Einstein is a large lunar impact crater that lies along the western limb of the Moon, which makes it difficult to observe from the Earth. The visibility of this formation is subject to libration effects, but even under the best conditions not much detail can be observed except from lunar orbit. Nearby craters of note include Moseley just to the north, Dalton along the eastern rim, Vasco da Gama just to the southeast, and Bohr to the south-southeast. The formation Vallis Bohr is visible to the south.

This formation dates to the Pre-Nectarian period of the lunar geologic timescale. The outer rim of this walled plain has been strongly degraded by many smaller impacts. Along the northeast rim is an impact with a high albedo skirt. Occupying the center of the interior floor is Einstein A, an impact crater with terraced inner walls and a central peak. The outer rampart of this concentric crater spreads across the interior floor, covering over half the diameter of Einstein. Several smaller craters also lie scattered across the floor, but there are sections of relatively flat surface in the southwest part of the floor.

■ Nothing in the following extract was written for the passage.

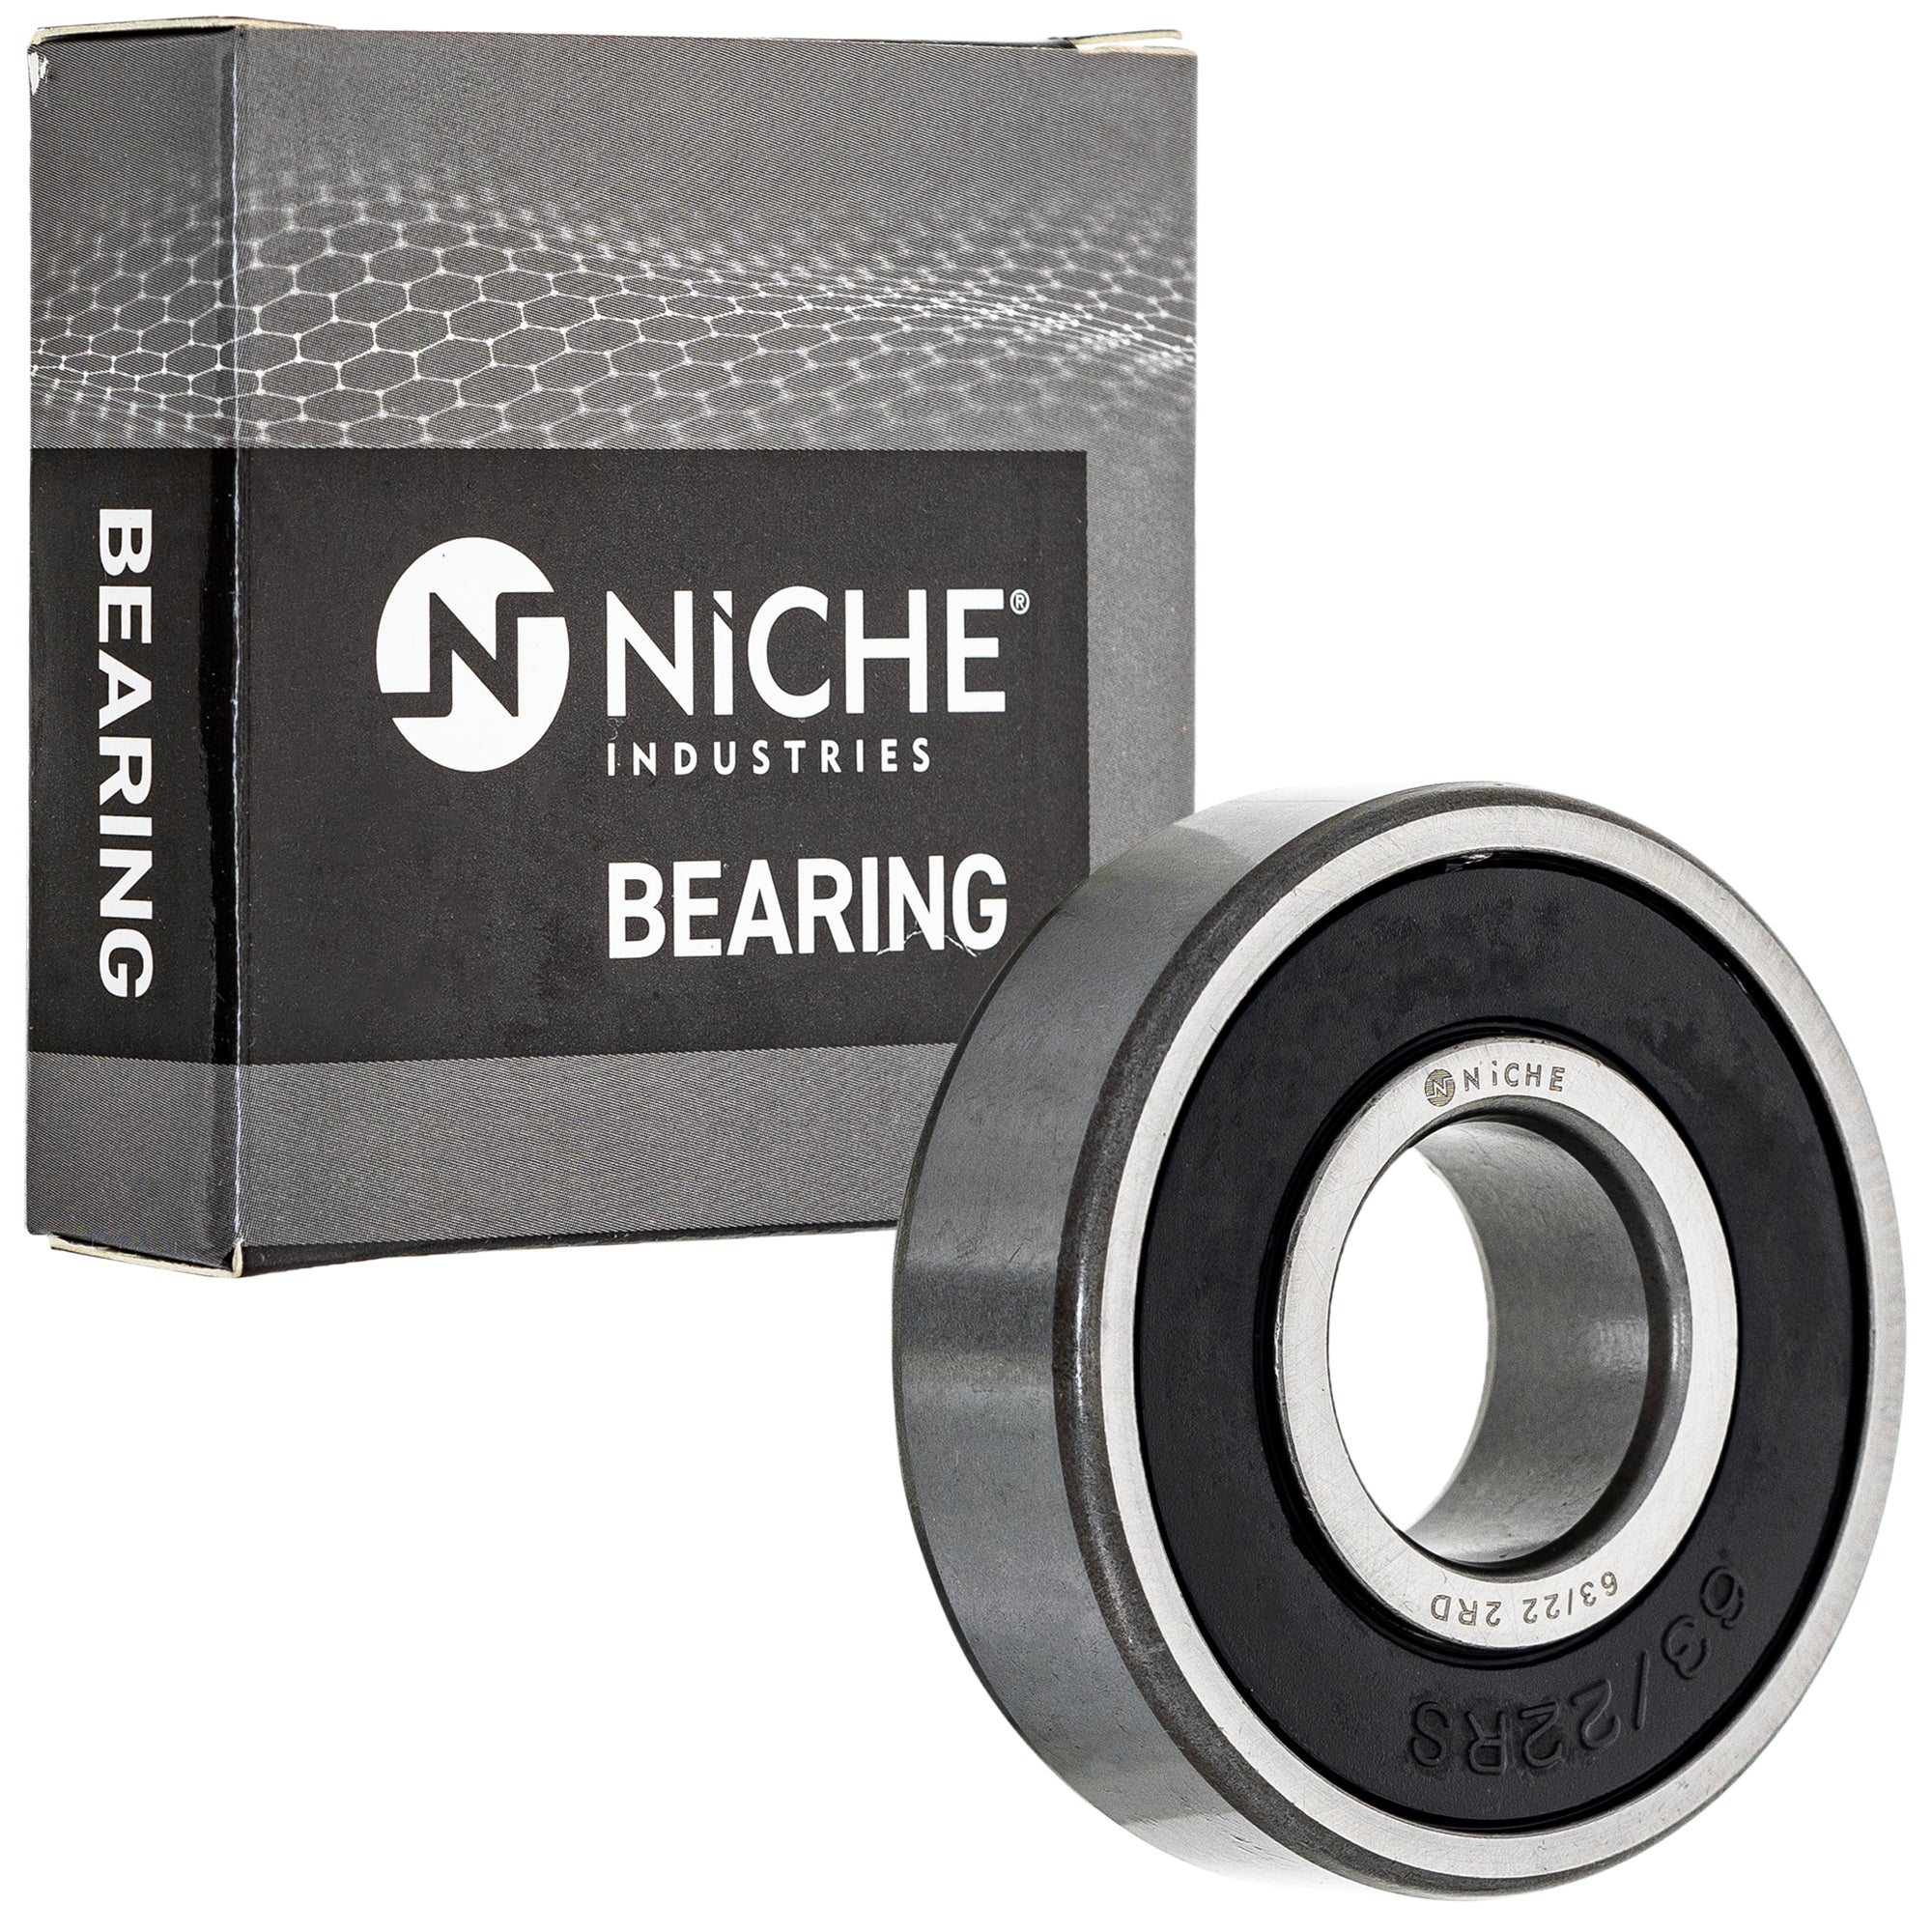 NICHE 519-CBB2286R Bearing 10-Pack for zOTHER TDM850 FZR600R FZR600
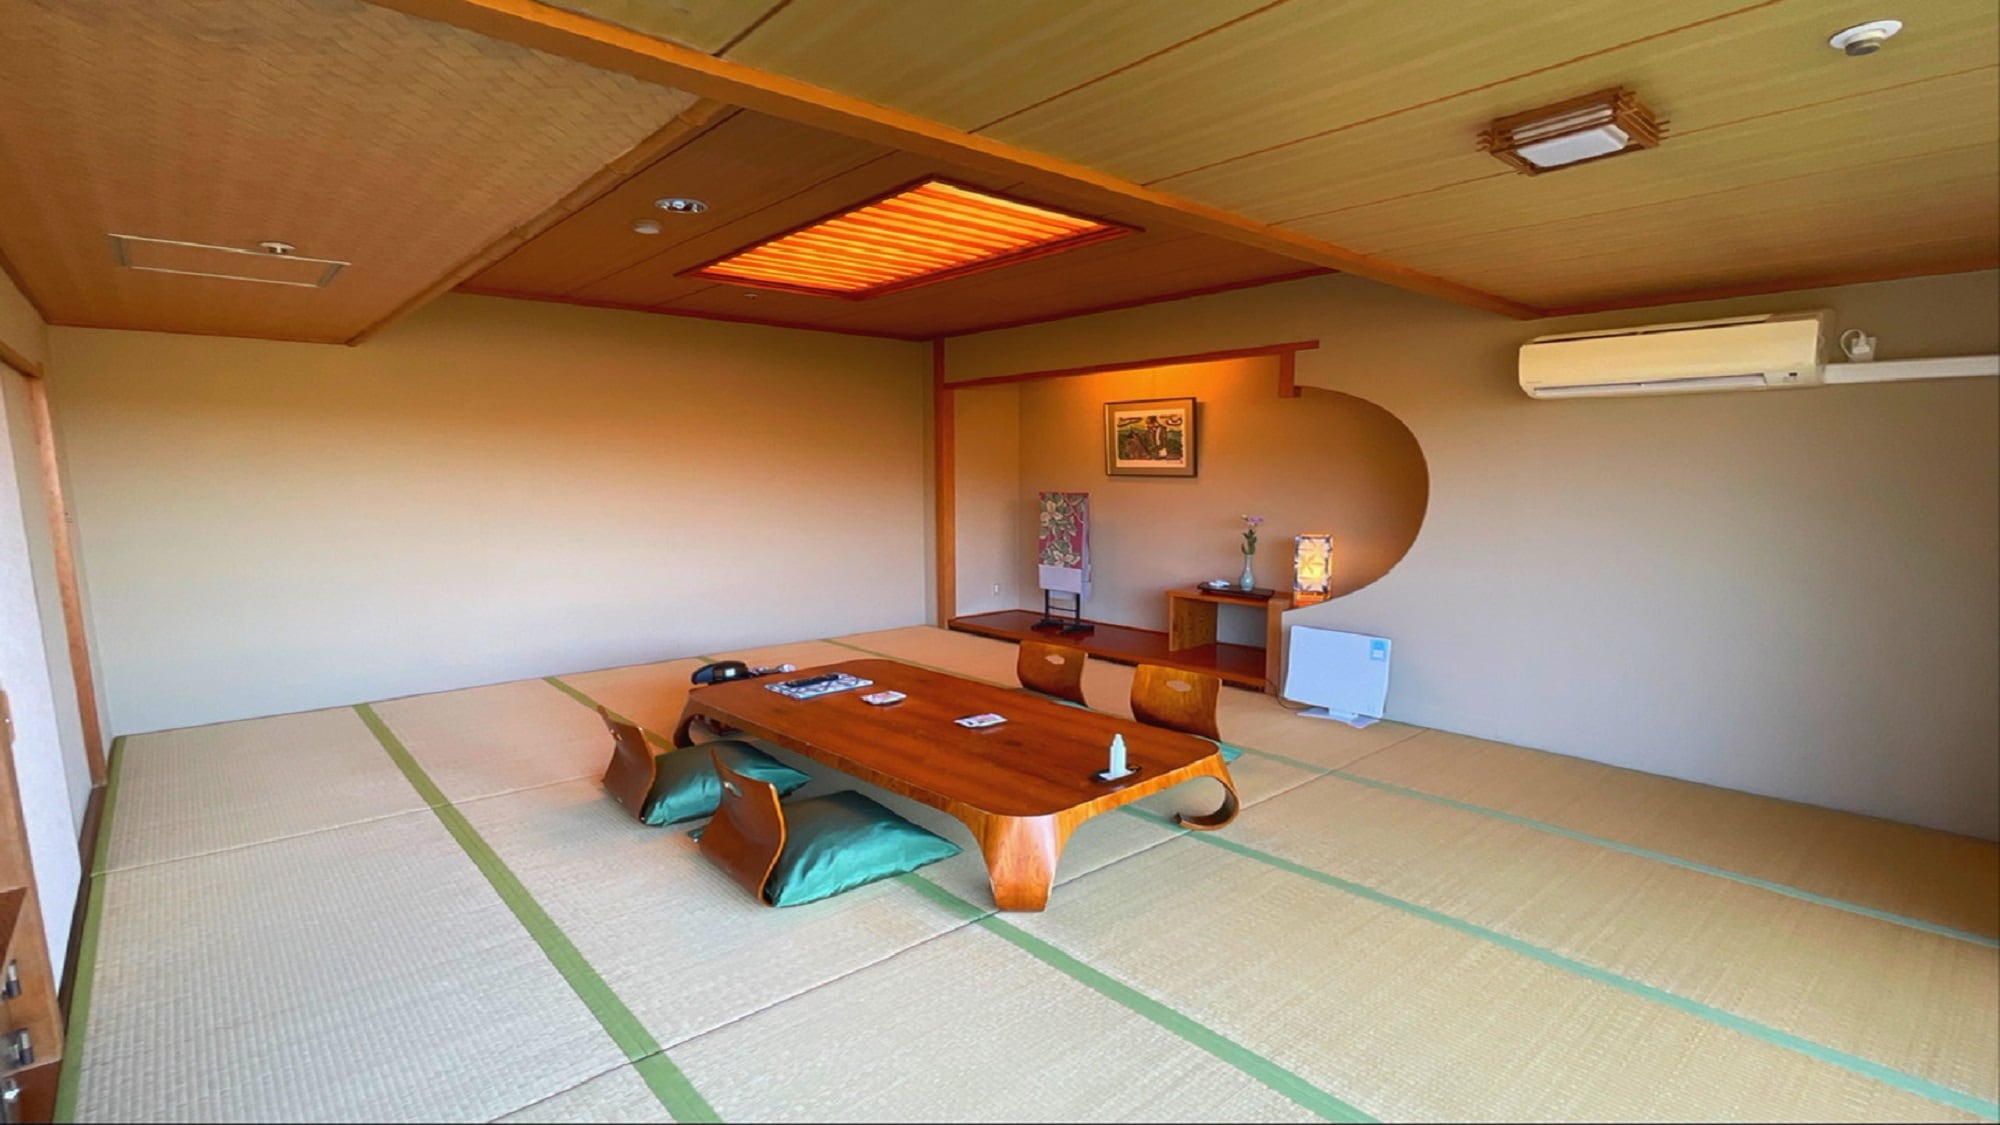 Special room "Muko" Japanese-style room 15 tatami mats facing the wall

Two small craters on the west side have fractured floors. These are believed to be secondary craters from the Orientale impact to the south.

The widespread notion that this crater was discovered by Patrick Moore in 1939 is probably erroneous. In the middle of the 20th century Hugh Percy Wilkins designated the crater Caramuel to honor Juan Caramuel y Lobkowitz. The crater was known under this unofficial name for some time, but neither this name, nor almost all of Wilkins' other nomenclature, were adopted by the International Astronomical Union (IAU). In 1963 E. Whitaker and D.W.G. Arthur named this crater Einstein after German physicist Albert Einstein (1879–1955), and in 1964 this name was adopted by the IAU. Wilkins' map also contained a crater called Einstein, but it is a less prominent one – Simpelius D.

== Satellite craters ==

By convention these features are identified on lunar maps by placing the letter on the side of the crater midpoint that is closest to Einstein.

| Einstein | Coordinates | Diameter |
|---|---|---|
| A | 16°41′N 88°15′W﻿ / ﻿16.69°N 88.25°W | 50 km |
| R | 13°50′N 91°53′W﻿ / ﻿13.83°N 91.88°W | 20 km |
| S | 15°06′N 91°40′W﻿ / ﻿15.10°N 91.67°W | 20 km |

On August 5, 2026, a discarded Falcon 9 upper stage was expected to impact the Moon near the Einstein crater. The impact site was captured by images from the Danuri lunar orbiter on August 7.